Now, here comes a nice gadget. Based on the samples obtained for \texttt{contextpol} ($\beta_{\text{pol}}$), it is very easy to estimate our belief that $\beta_{\text{pol}}$ is indeed negative. We simply have to calculate the proportion of samples that were negative. That's all. For instance, with the code below, which reveals that the posterior probability of the proposition that $\beta_{\text{pol}} < 0$ is about 0.99375. This is very close to 1!  

\begin{minipage}[]{\textwidth}
\begin{lstlisting}[language=R]
# proportion of negative samples for parameter b_contextpol
# this number approximates P(b_contextpol < 0 | model, data)
mean(post_samples_FE$b_contextpol < 0) 
>0.99375
\end{lstlisting}
\end{minipage}

\vspace{-0.5cm}

As an interim summary, we have seen how to run a Bayesian regression analysis with the
\texttt{brms} package and how to deal with its output. We have also seen that the output can be interpreted in very intuitive ways (e.g., ``The probability of H1, given our model, priors, and data, is more than .99'').

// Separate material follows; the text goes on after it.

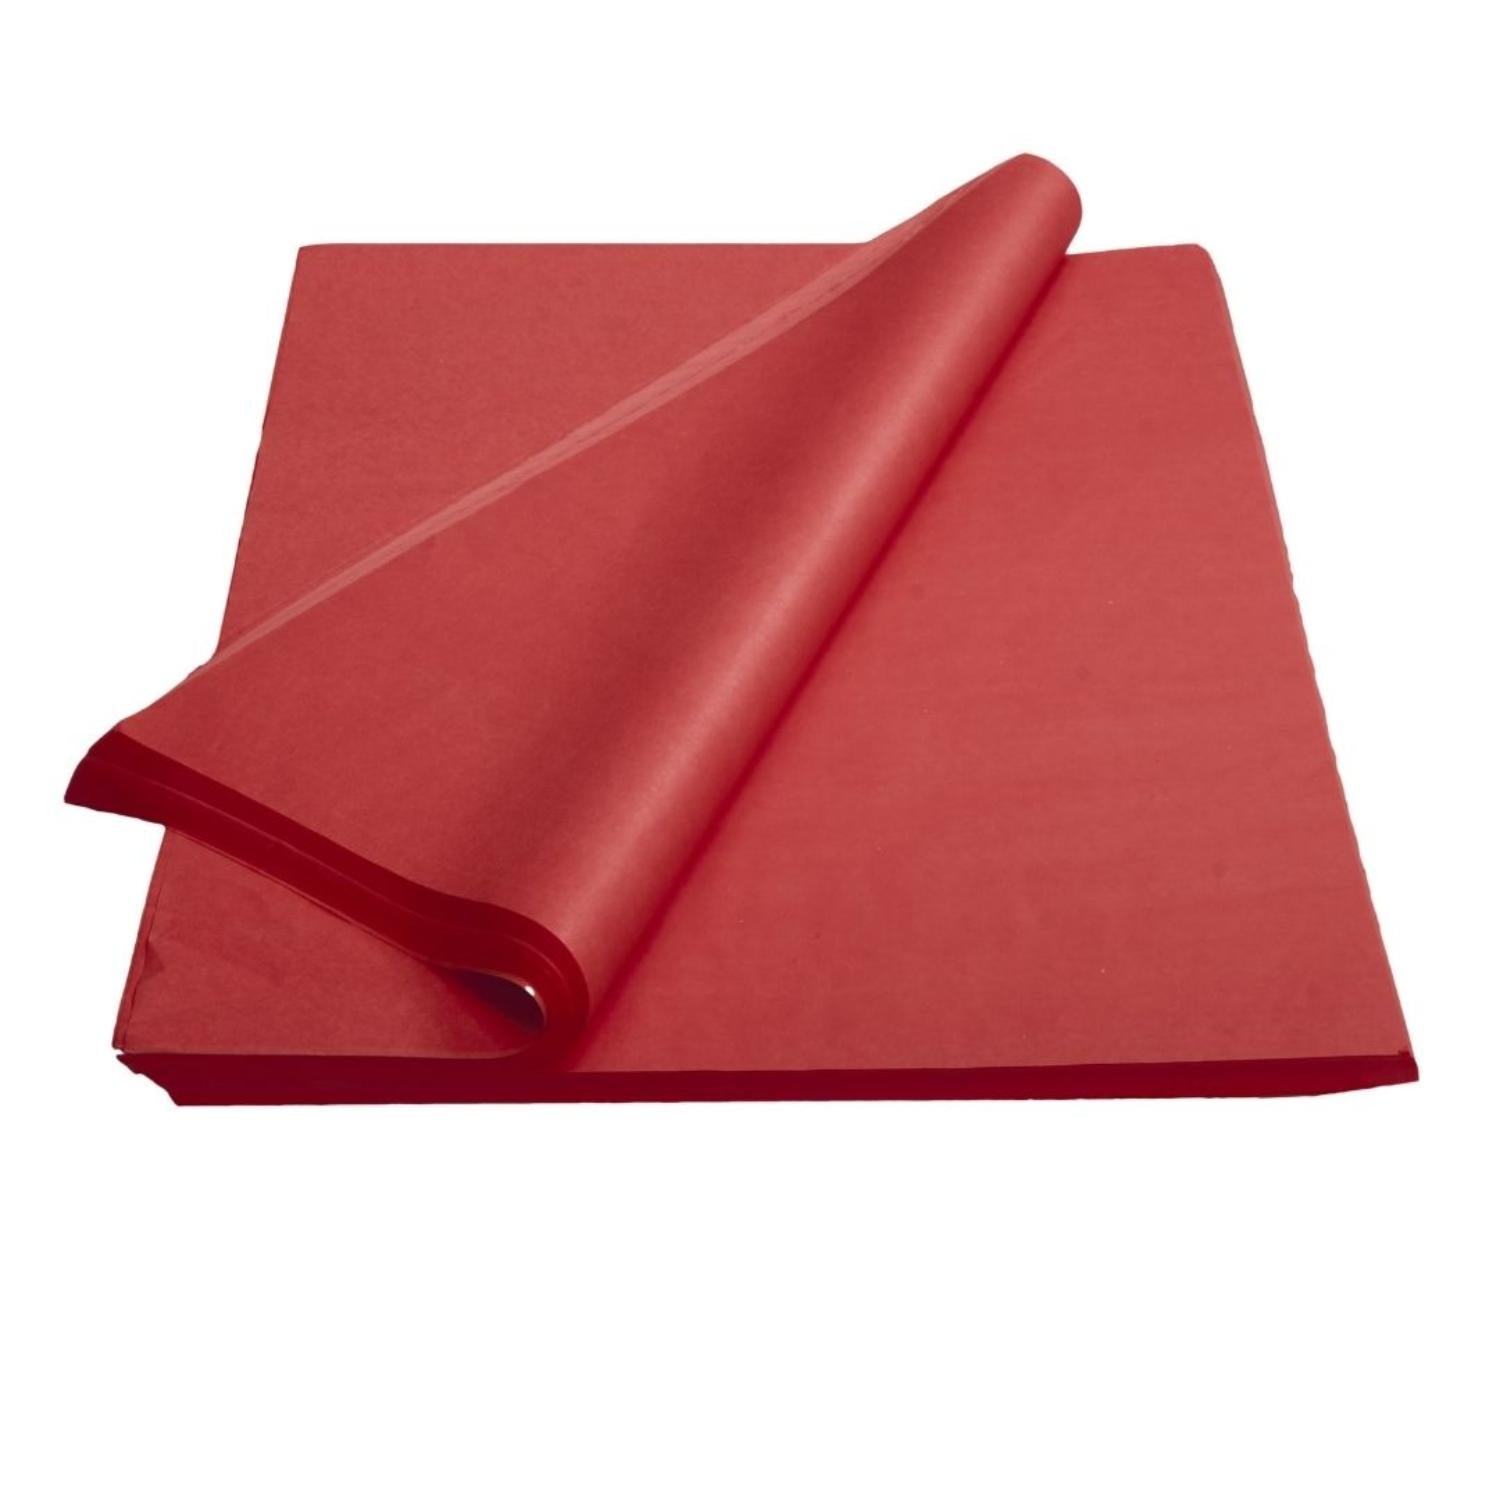 Bulk Red Tissue Paper | 15x20 inch | 480 Sheets

Unfortunately, what we have not seen yet is what the model and data say about hypotheses 2 or 3. This is because there is no single parameter in the (dummy-coded) regression model that corresponds to the differences between cells 3 and 4 (for hypothesis 2) and cells 2 and 3 (for hypothesis 3). Notice that this problem is not specific to Bayesian analyses, but inherent in the way the regression coefficients were set up.
%
\marginnote[-1cm]{A potential way of testing different hypotheses of the kind we have set out
  here, is to run different regression analyses, each with a different reference cell. This is
  a rather unhandy work flow. It wouldn't help with hypothesis 3 either, which compares the
  cell means in the design matrix ``diagonally'': there is no way of changing the reference level of either factor such that dummy coding gives us a single coefficient as the difference between cells 2 and 3.}
%
Fortunately, we can recover information about any derived measure from the obtained samples. Here's how:

Take hypothesis 3 which requires us to compare cells 2 and 3. The hypothesis states that
$\beta_0 + \beta_{\text{pol}} > \beta_0 + \beta_{\text{male}}$, which reduces to
$\beta_{\text{pol}} > \beta_{\text{male}}$. We can approximate the posterior probability that
this is true based on the samples that we obtained for the model in the same general way as
before, namely:

\begin{minipage}[]{1.1\textwidth}
\begin{lstlisting}[language=R]
# proportion of samples for which the mean of cell 2 was larger 
# than that of cell 3 
# this number approximates the quantity:
#    P(b_contextpol > b_genderM | model, data)
mean(post_samples_FE$b_contextpol > post_samples_FE$b_genderM)
>1
\end{lstlisting}
\end{minipage}

\vspace{-0.5cm}

Based on the posterior samples, the estimated probability is 1. That's a strong result. If the model was true, (given the data) our certainty that hypothesis 3 is true should be pretty much almost at ceiling.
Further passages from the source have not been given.